● RECORDS FOR THE TASK
--------------------

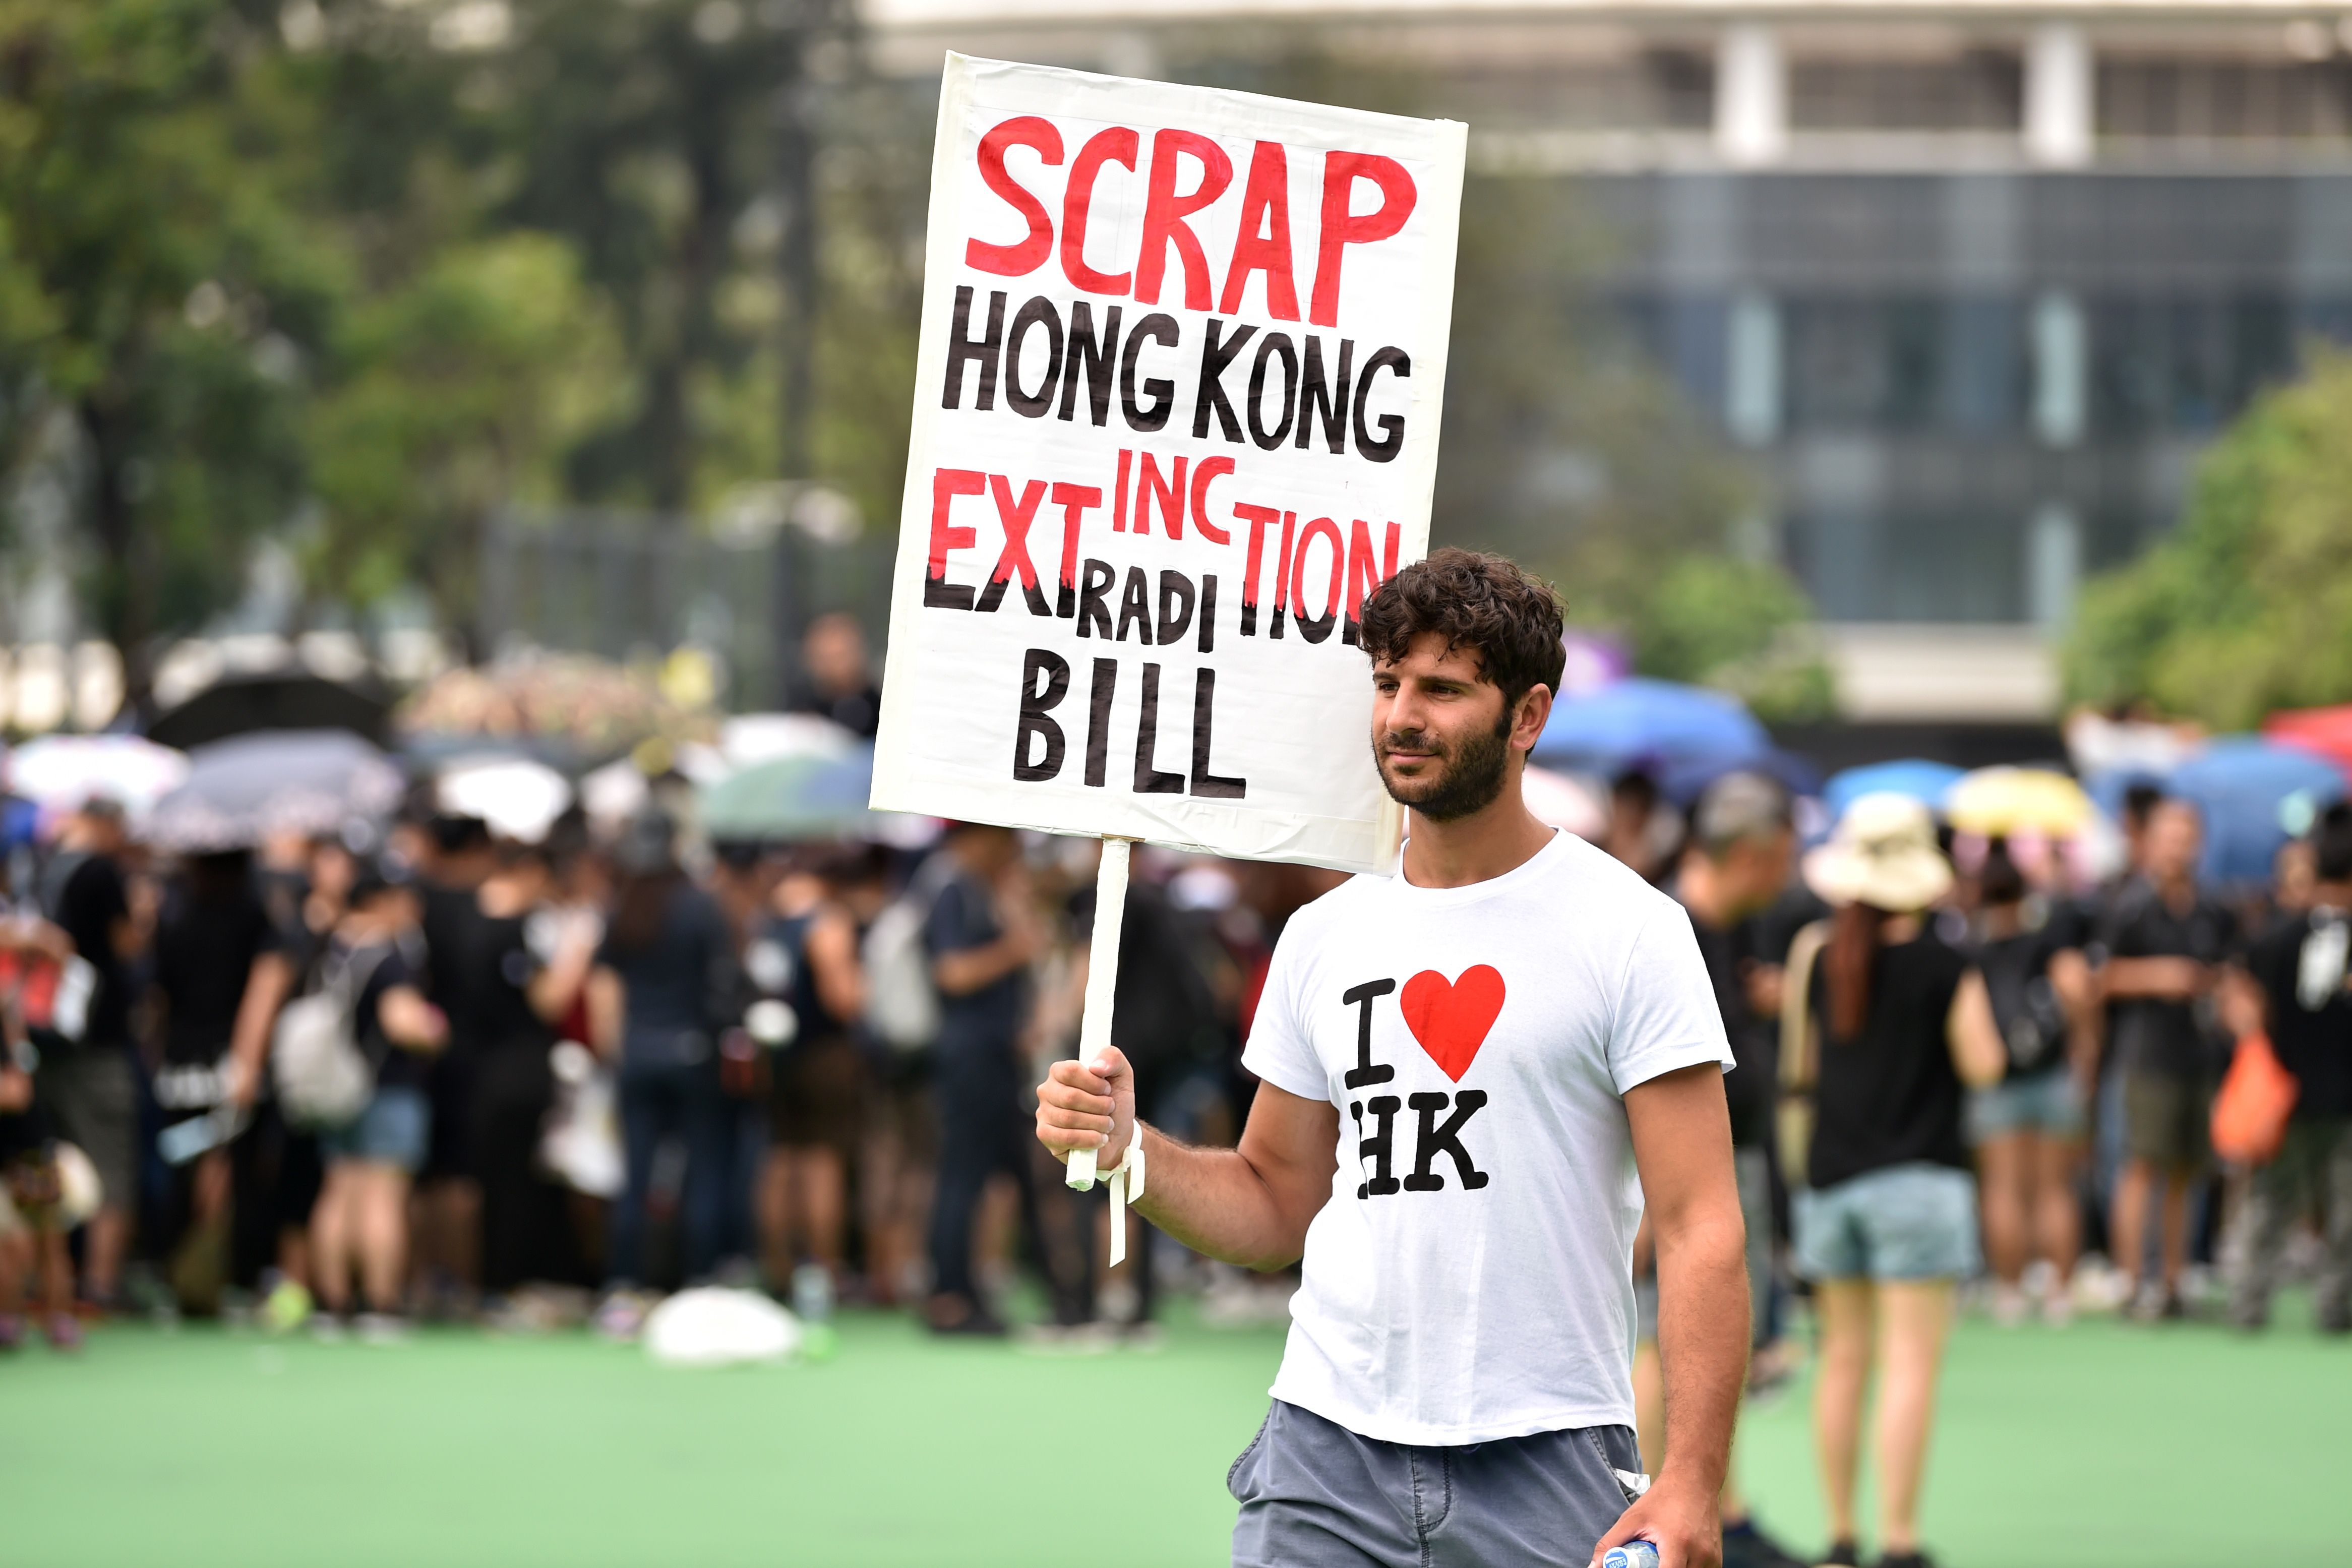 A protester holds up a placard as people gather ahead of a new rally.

--------------------

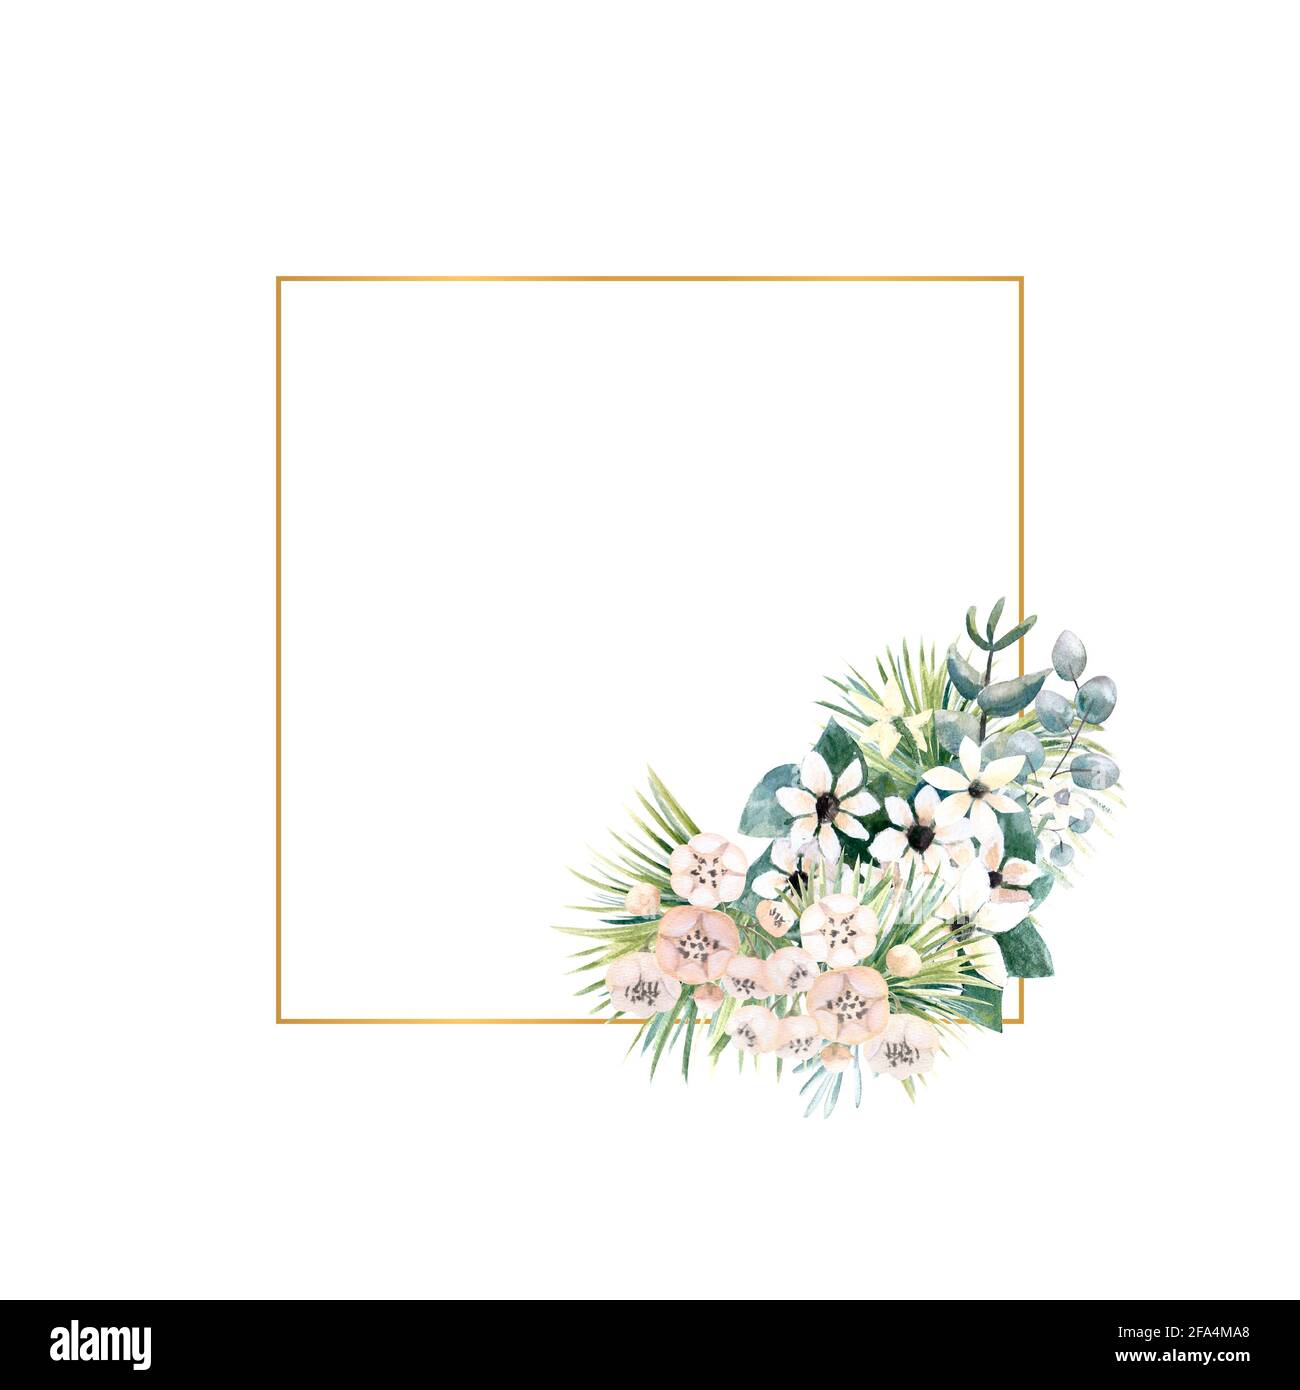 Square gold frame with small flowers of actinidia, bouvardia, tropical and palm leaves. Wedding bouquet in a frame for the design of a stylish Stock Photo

--------------------

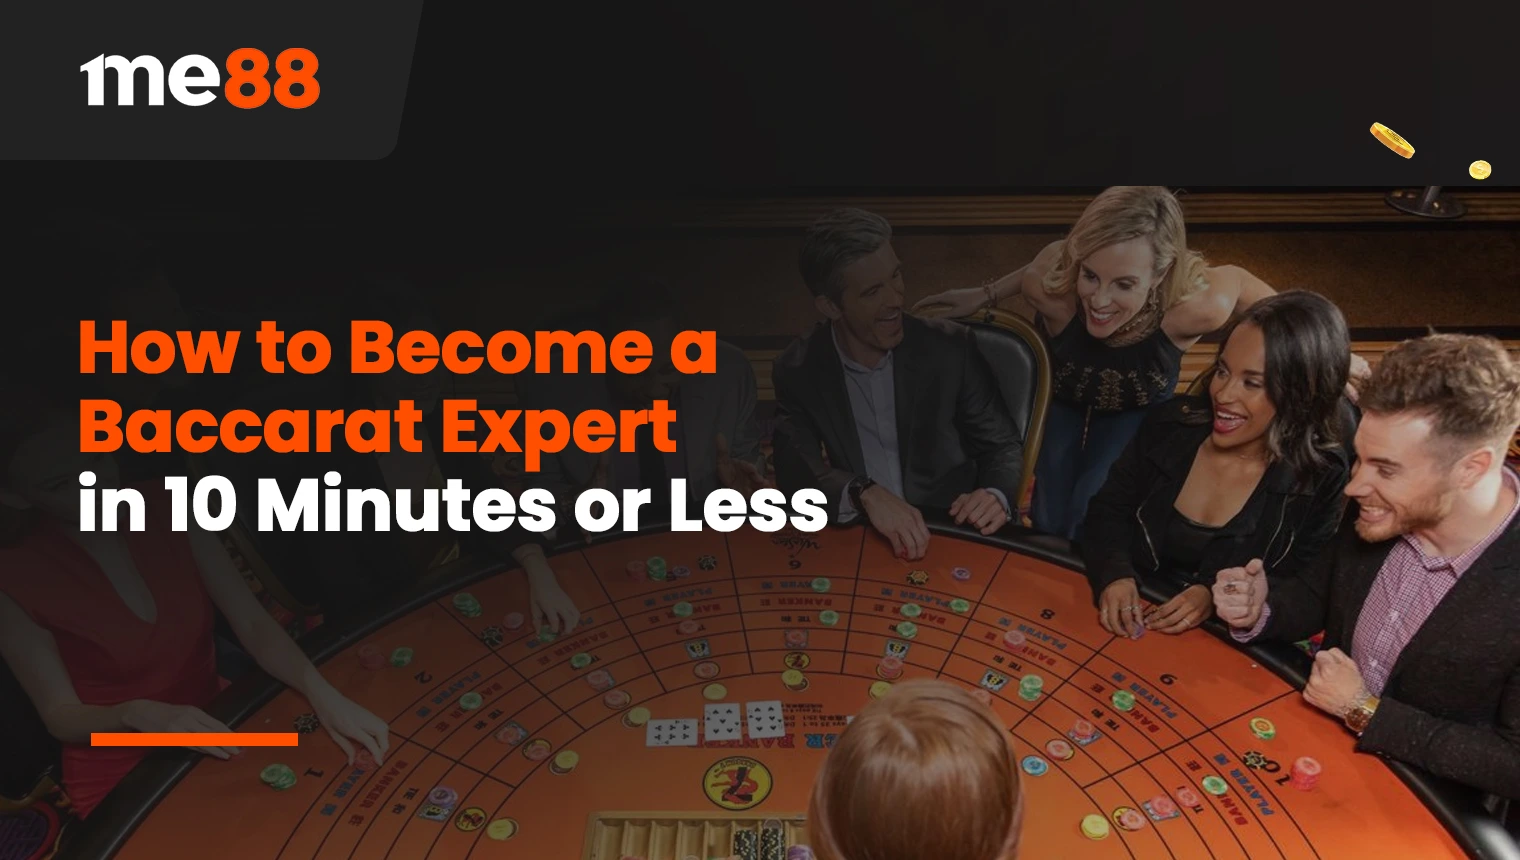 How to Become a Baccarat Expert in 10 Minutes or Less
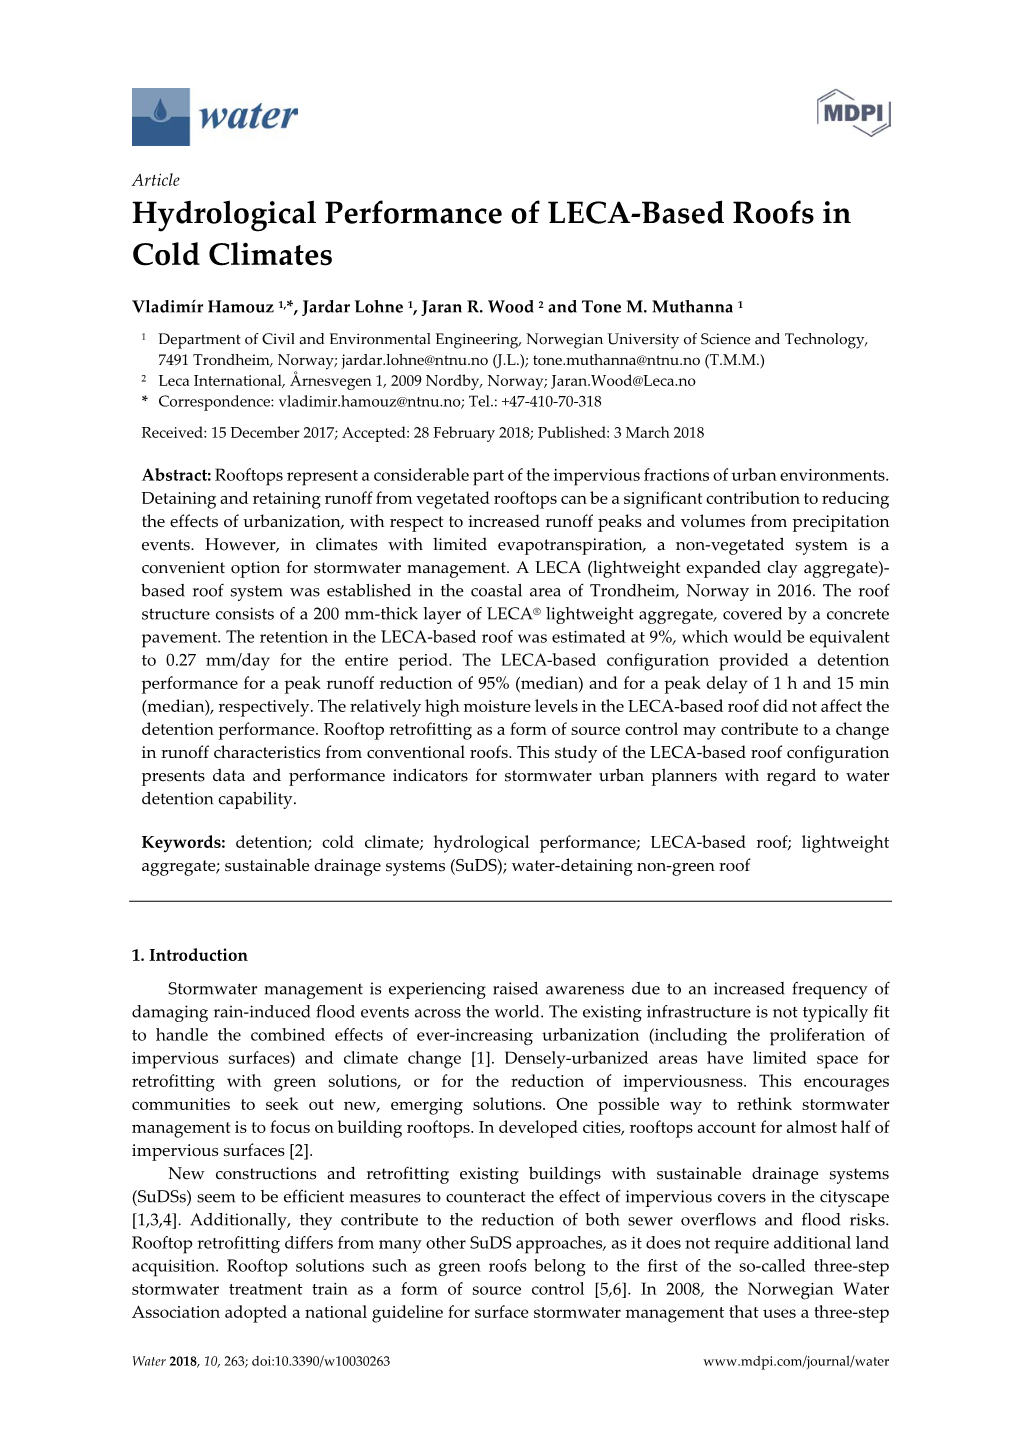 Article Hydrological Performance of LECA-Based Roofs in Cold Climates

--------------------

● PROBLEM DESCRIPTION
Leaving pictures out, output the lines of the data above from the one with "How to Become" through the one with "Article Hydrological Performance", word for word.

● ANSWER BOX
 How to Become a Baccarat Expert in 10 Minutes or Less
 Article Hydrological Performance of LECA-Based Roofs in Cold Climates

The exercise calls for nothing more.